The really scary news is that these baseline assumptions come from trials of patients who met the FDA's approval criteria for drug-eluting stents: newly diagnosed coronary lesions, less than 30 mm long, in clinically stable patients without additional serious medical conditions.

By the FDA's own calculations, only 40% of patients treated with drug-eluting stents met these criteria. The rest are getting off-label treatment, typically for much more serious and complicated conditions.

PENNY WISE
So where does all of this leave Canada, which approved these stents a year earlier than the US? Surprisingly, much better off than might be feared.

We may have dodged the bullet thanks to the conservatism — what some might prefer to call the stinginess — of our public health system. While bare metal stents go for about $800 here, the drug-eluting stents cost two to four times as much. In the absence of clear data showing a survival benefit, Canadian hospitals were loath to shell out the extra money. So while 80% of stents used in the US today are drug-eluting, in Canada the proportion is about 30%.

Moreover, percutaneous coronary intervention is much rarer in Canada. While the US sees about 750,000 such procedures a year, here there are only about 35,000, about half as many per capita.

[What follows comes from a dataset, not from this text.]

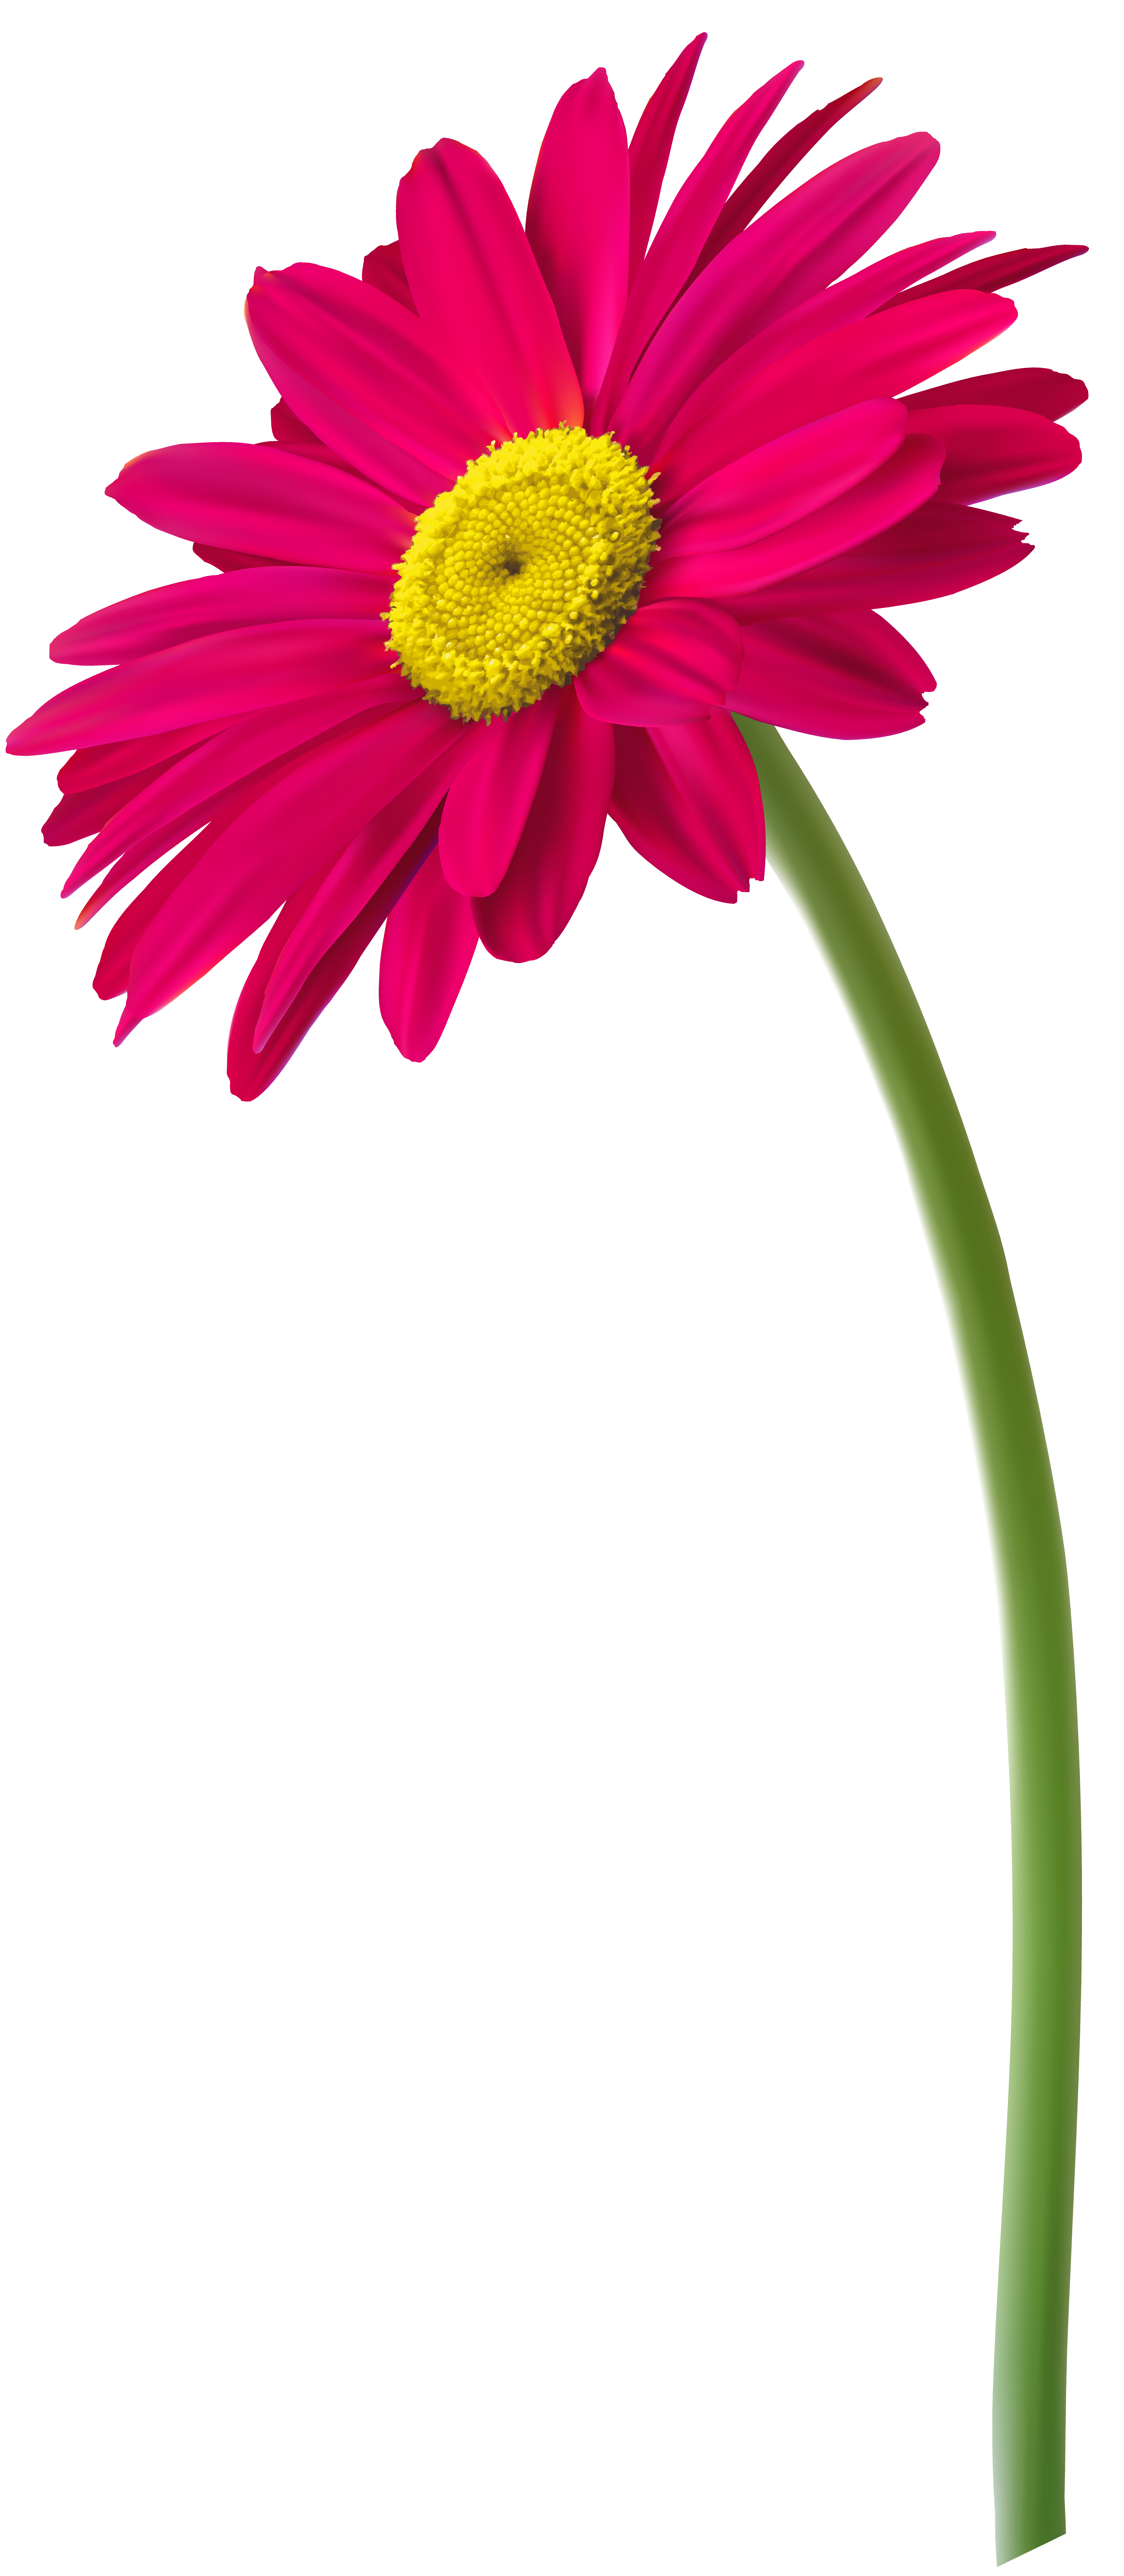 Pink Gerbera Flower PNG Clip Art Image.

So a Canadian cardiac patient is less than a quarter as likely as an American to be outfitted with a drug-eluting stent.

BACK TO THE FUTURE
A commentary in the Canadian Medical Association Journal in December noted that in cardiac medicine, "the interventional community is often accused of making decisions based on faith more than on fact".

It is indeed hard now to see the evidence that signposted the route from the treatment of 30 years ago to that of today. Angioplasty was adopted without a clear demonstration that it offered a survival benefit over drugs. Then stents were added without demonstrating they were better than balloon-only treatment. Then drug-eluting technology was thrown in without a clear scientific basis.

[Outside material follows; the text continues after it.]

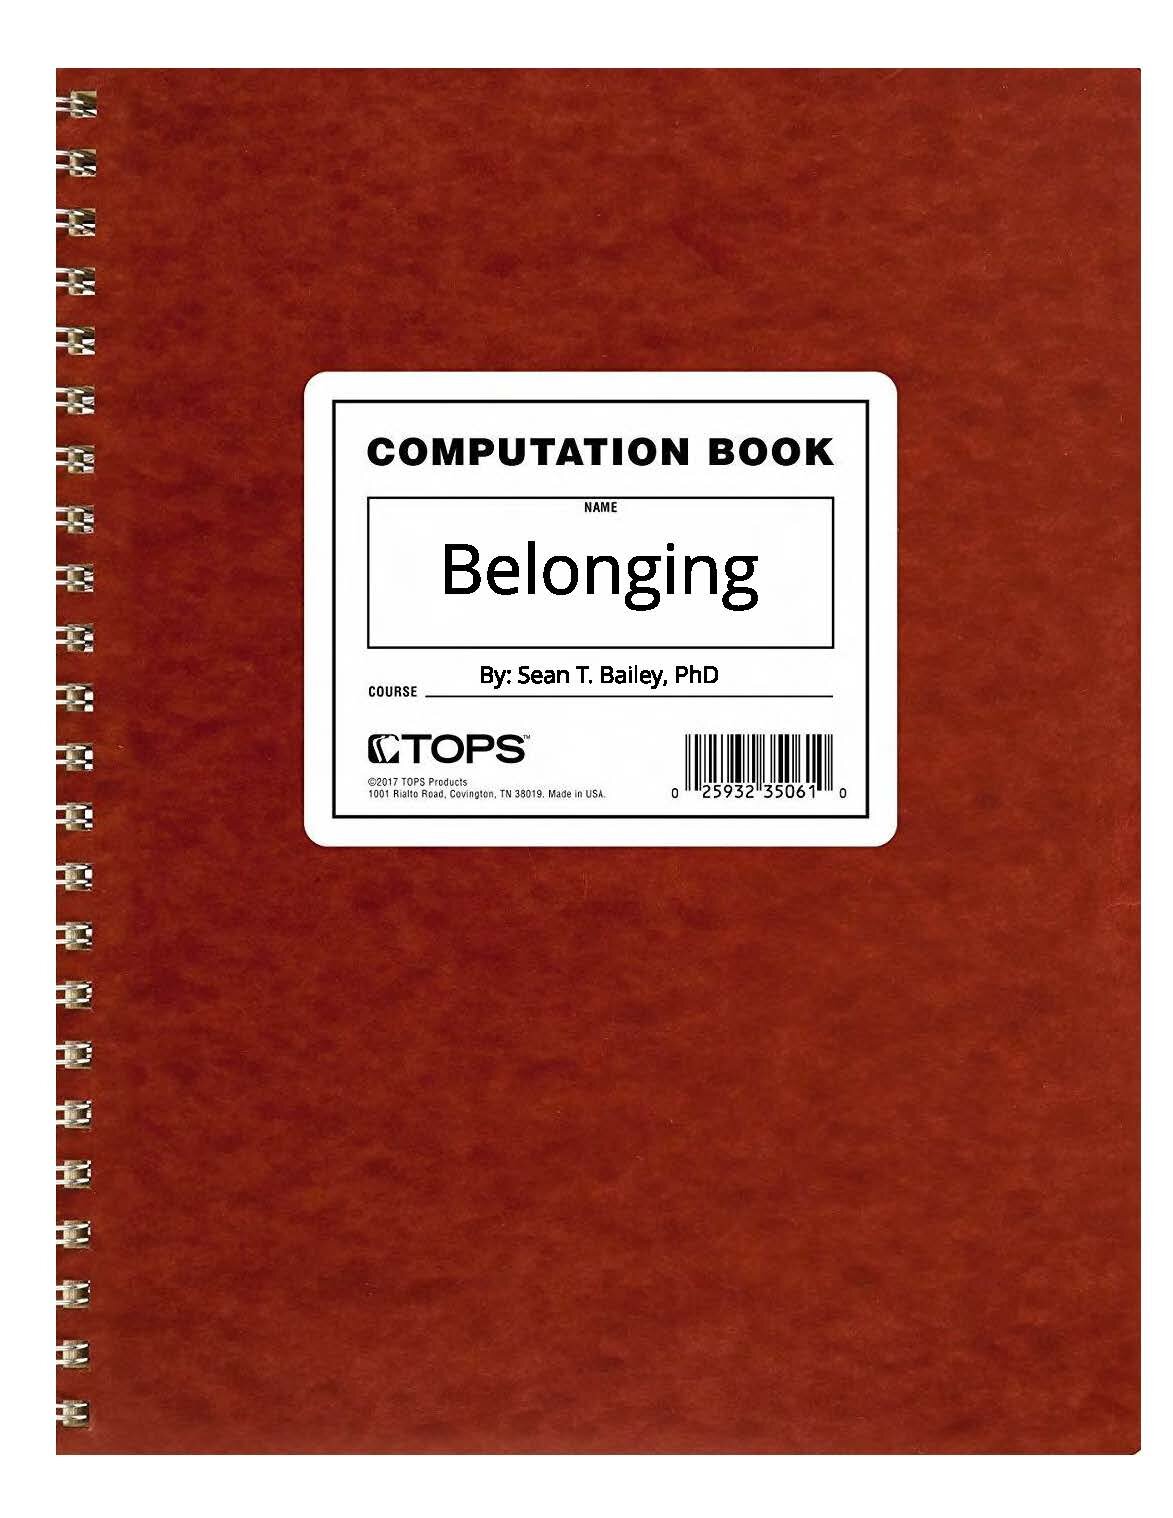 Belonging - Booklet (FINAL_Jpeg)_Page_01.jpg

Indeed, a December article in NEJM appeared to bring us full circle. In 2,166 MI patients with total occlusion of the infarct-related artery, those randomized to stenting achieved no benefit over those given simple medical treatment, 1970s-style. The study questions whether reopening the artery is even a good idea.

QUESTIONABLE MOTIVES
The January 16 CMAJ provided what may be the most enlightening piece of research yet. Researchers from Holland and from Montreal's McGill University reviewed the quality, provenance and funding of many of the original cost-effectiveness analyses of these devices. Of 19 identified studies, 10 supported widespread use and nine were more cautious.

But only nine studies met criteria for "high quality", and only one of these recommended widespread use of drug-eluting stents, compared to nine of 10 lower quality studies. All seven of the studies that were sponsored by manufacturers recommended widespread use, compared to just three of 12 unsponsored ones.

All five studies that came from the US recommended widespread use. Of the 14 others, nine were against widespread use, including all four Canadian ones.